You can choose among the four plots by changing the plot.list
argument.
> stat <- CalcStatCont(DT = common, obsCol = "dailyGhcn", modCol = "dailyPrcp" , obsMissing = -999.9, plot.list = "scatterPlot")
You can also calculate conditional statistics by defining the boundaries you are interested in. For example, here we calculate the statistics conditioned on the observation to be greater than 1 mm.

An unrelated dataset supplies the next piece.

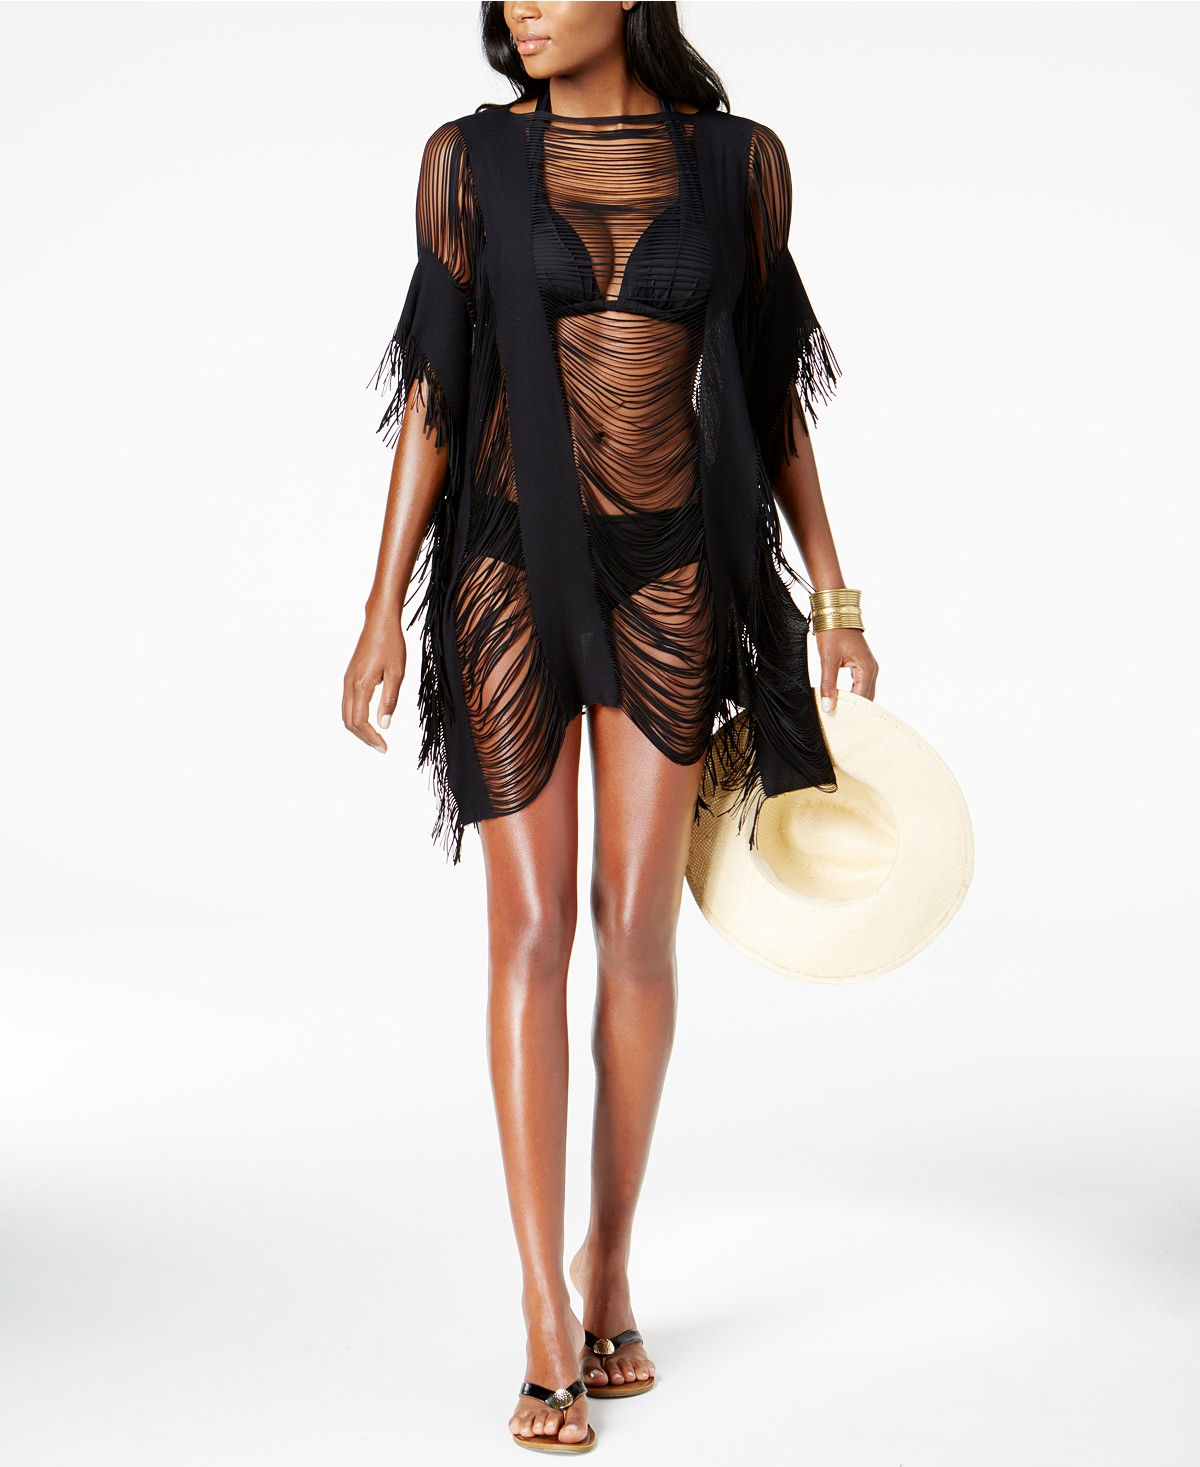 Hot Swimsuit Coverups Inspired by Larsa Pipen's Miami Look, swimsuit coverups, miami, swimsuit, bikini, swim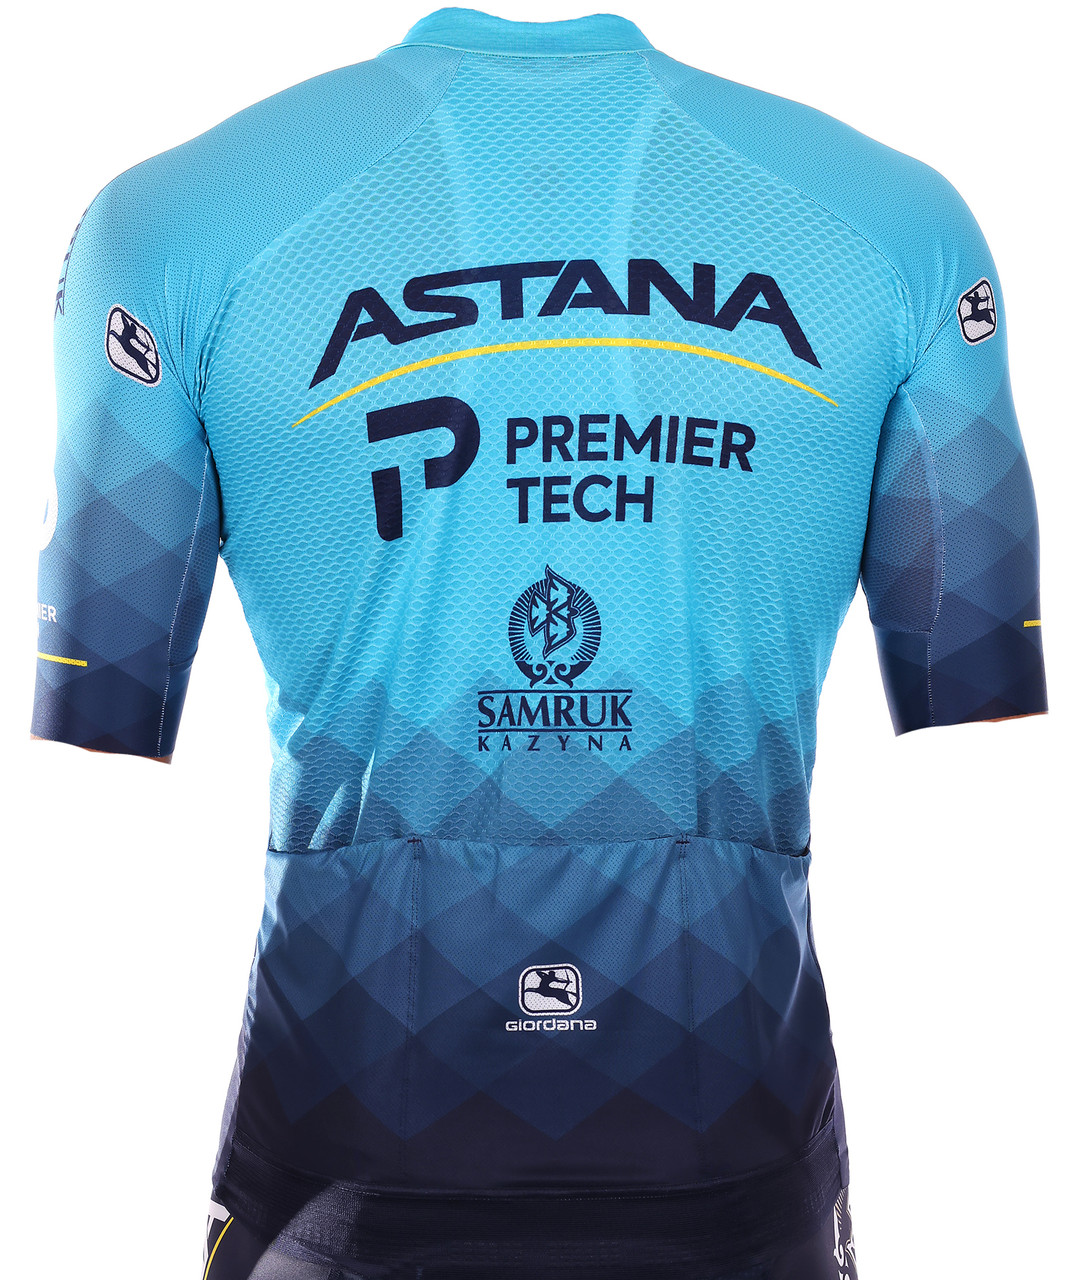 2021 Astana Premier Tech FR-C Pro FZ Jersey Rear

> stat <- CalcStatCont(DT = common, obsCol = "dailyGhcn", modCol = "dailyPrcp" ,
+ obsCondRange = c(1, Inf), plot.list = "scatterPlot")
> stat$stat
numPaired meanObs meanMod pearsonCor RMSE multiBias
1 5 60.94 48.16129 0.6088967 47.43496 0.7903067
Sometime the verification result at the gauge location is not desired and we want to find the performance of a model over a domain or polygon. If you want to calculate statistics over RFC’s, then use GetRfc
function. One can find out a gauge (point) falls in which RFC using GetRfc
. You simply feed a dataframe having at least two columns of latitude
and longitude
and this functions adds a column to a dataframe with RFC name.
> # add rfc name
> sg <- GetRfc(sg)
>
> # check what is been added
> head(sg)
country network stationID elevation state name
1 US 1 NYPT0001 249.0 NY CARMEL HAMLET 5.8 N
2 US C 00300808 171.0 NY BOYDS CORNERS
3 US C 00301207 161.5 NY CARMEL
4 US C 00301211 207.3 NY CARMEL 4N
5 US C 00308304 278.9 NY STORMVILLE
6 US C 00309413 241.1 NY WHITE POND
GSNflag HCN.CRNflag WMOID siteIds we sn reportTime rfc longitude
1 US1NYPT0001 10 12 700 NERFC -73.7017
2 USC00300808 9 7 700 NERFC -73.7333
3 USC00301207 14 6 700 NERFC -73.6833
4 USC00301211 15 11 700 NERFC -73.6550
5 USC00308304 7 15 700 NERFC -73.7333
6 USC00309413 7 11 700 NERFC -73.7500
latitude
1 41.4969
2 41.4500
3 41.4333
4 41.4725
5 41.5333
6 41.5000
Now, add a column to the common
data having the rfc
information for each data. And calculate the statistics based on grouping by RFC.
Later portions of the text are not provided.